Mr. Allen is much your servant and admirer, and desires his best compliments. He has been got home some time. Sure you might make an excursion for two or three days at a time (now and then, to see and increase the number of your friends, which is done in seeing you), at that season when people are in town. I set forward in a day or two. Let me know how you relish the noble project I propose to put you upon.-And believe me to be, dear Sir, with the truest esteem, your most affectionate servant, W. WARBURTON.

LETTER IV.

To the Rev. Mr. FORSTER.

DEAR SIR,

Prior Park, Dec. 13, 1749. I am just got home; and am to acknowledge the favour of yours, which I had in London.

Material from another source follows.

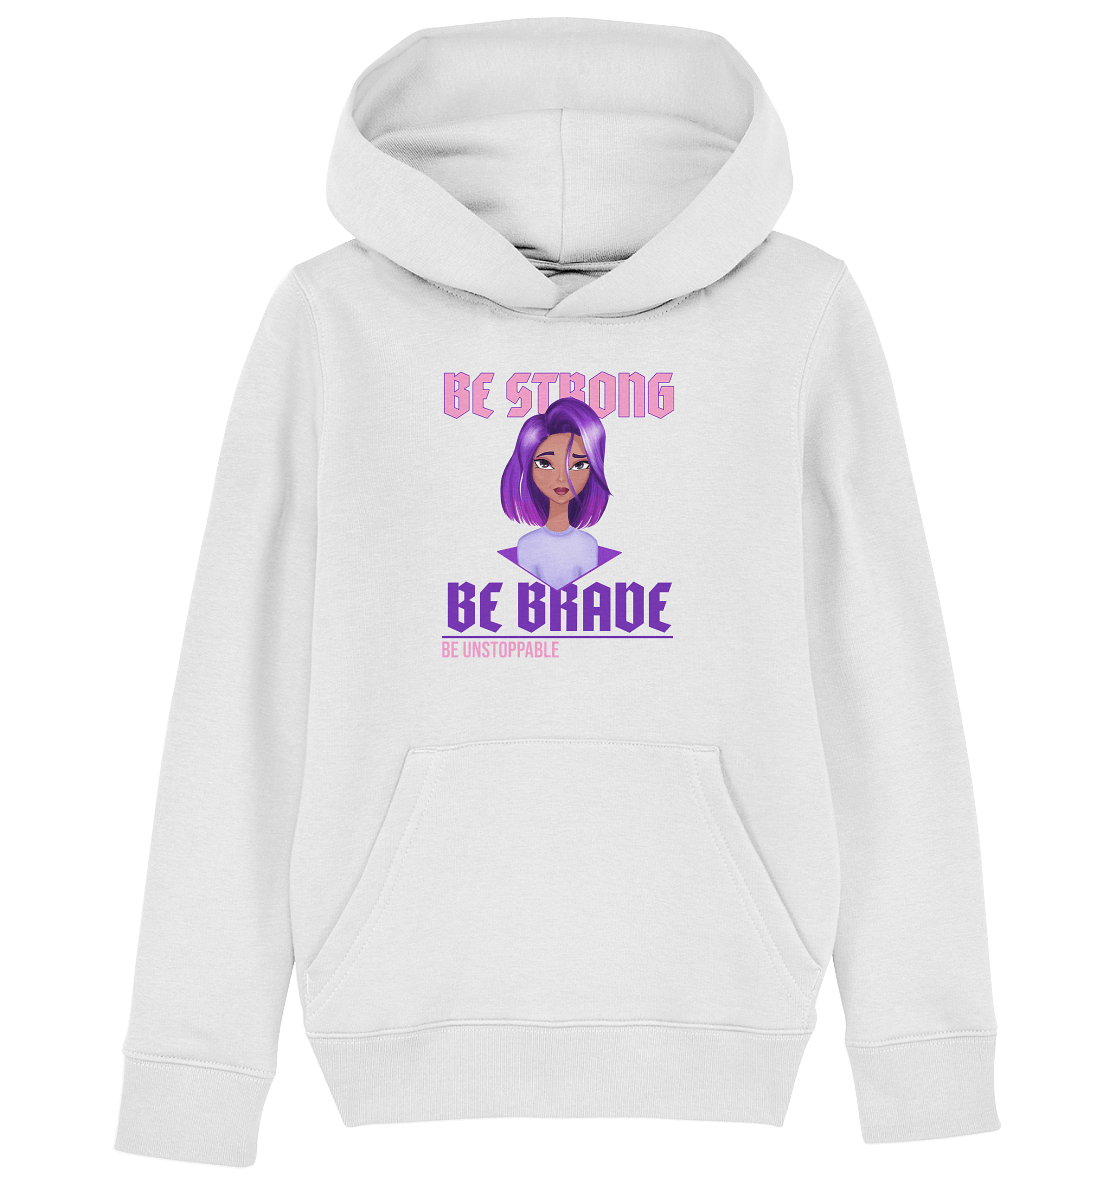  Mädchen Kapuzenpullover in weiß mit handgezeichneten Cartoon mit lila-violett Ombré Haarfarbe und Beschriftung "be strong be brave be unstoppable."
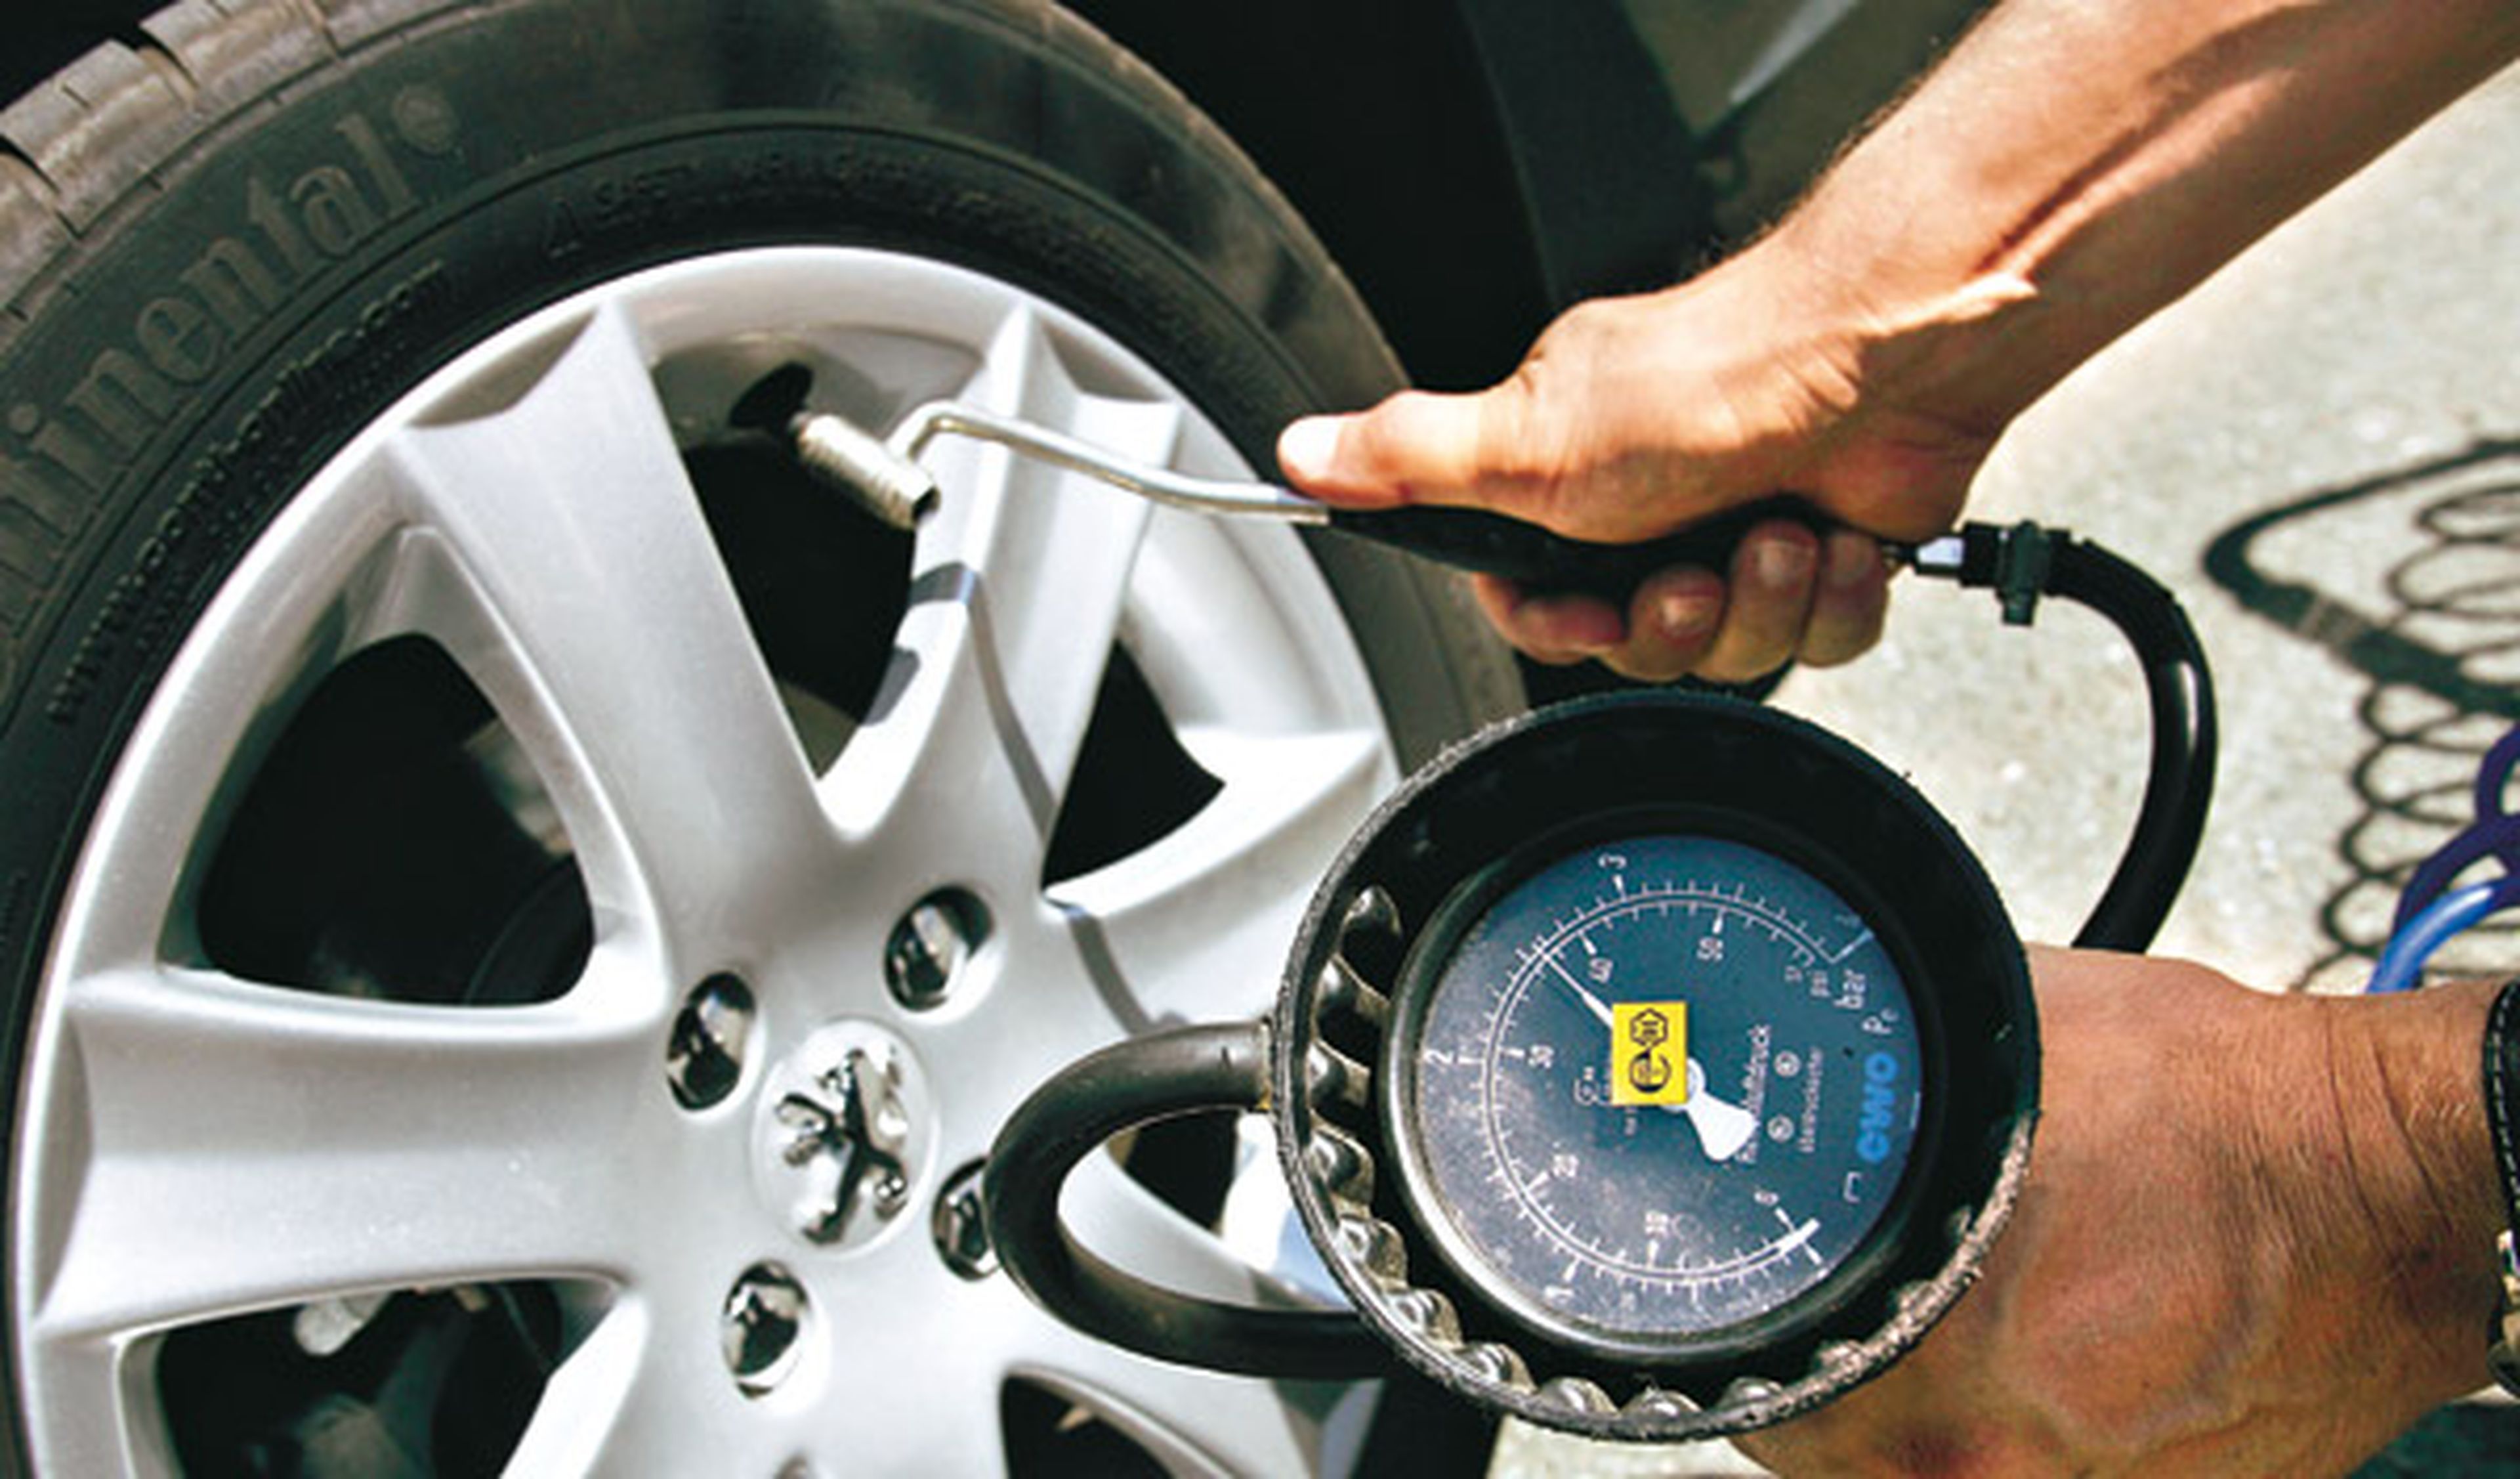 Montaje y equilibrado de las ruedas para el mantenimiento de los neumáticos

You will laugh when I tell you my work grows upon my hands, and yet goes on slower at the press: for my perpetual dissipation, while I was in town, prevented me from getting above four sheets from the press, two of which I here inclose. I have now thought that, as the first part of my scheme will make a reasonable volume of more than 300 pages, it may be as well to publish it separately, with some such advertisement as this:

That the two things which seemed to be wanting in this new controversy, to obviate the conclusions

which licentious men are apt to draw from Dr. Middleton's book, against Revelation, are to prove a miracle recorded in Ecclesiastical History: and to shew that these miracles stand on a different footing from those recorded in the Gospel. The first I have done, in shewing the defeat of Julian to be miraculous; and the other, in an examination into the nature of that evidence which will claim the assent of a reasonable man to a miraculous fact. The first is now offered to the publick, the second will follow. Pray what think you of this?-Who is Dr. Hodges * who is about to publish something on the book of Job? Dear Sir, your most faithful humble servant, W. WARBURTON.

LETTER V.+

To the Rev. Mr. FORSTER.

DEAR SIR, Bedford-row, Feb. 28, 1748-9. I have the favour of your obliging Letter. In mine to you, I expressed myself much short of the advantageous opinion I have of your fine piece of critique. I have seen nothing like it since I was capable of making any observations of this kind. But, as there never was a good writer but had his apes, so you have yours. One of the most grotesque of this sort is a man, I forget his name, who wrote about Astronomy to M. Folkes, and something on the Book of Job. I had the curiosity to look into them; for I always think an Oxford Author a good one till I find the contrary; just as I do a Town Author a bad one, till then.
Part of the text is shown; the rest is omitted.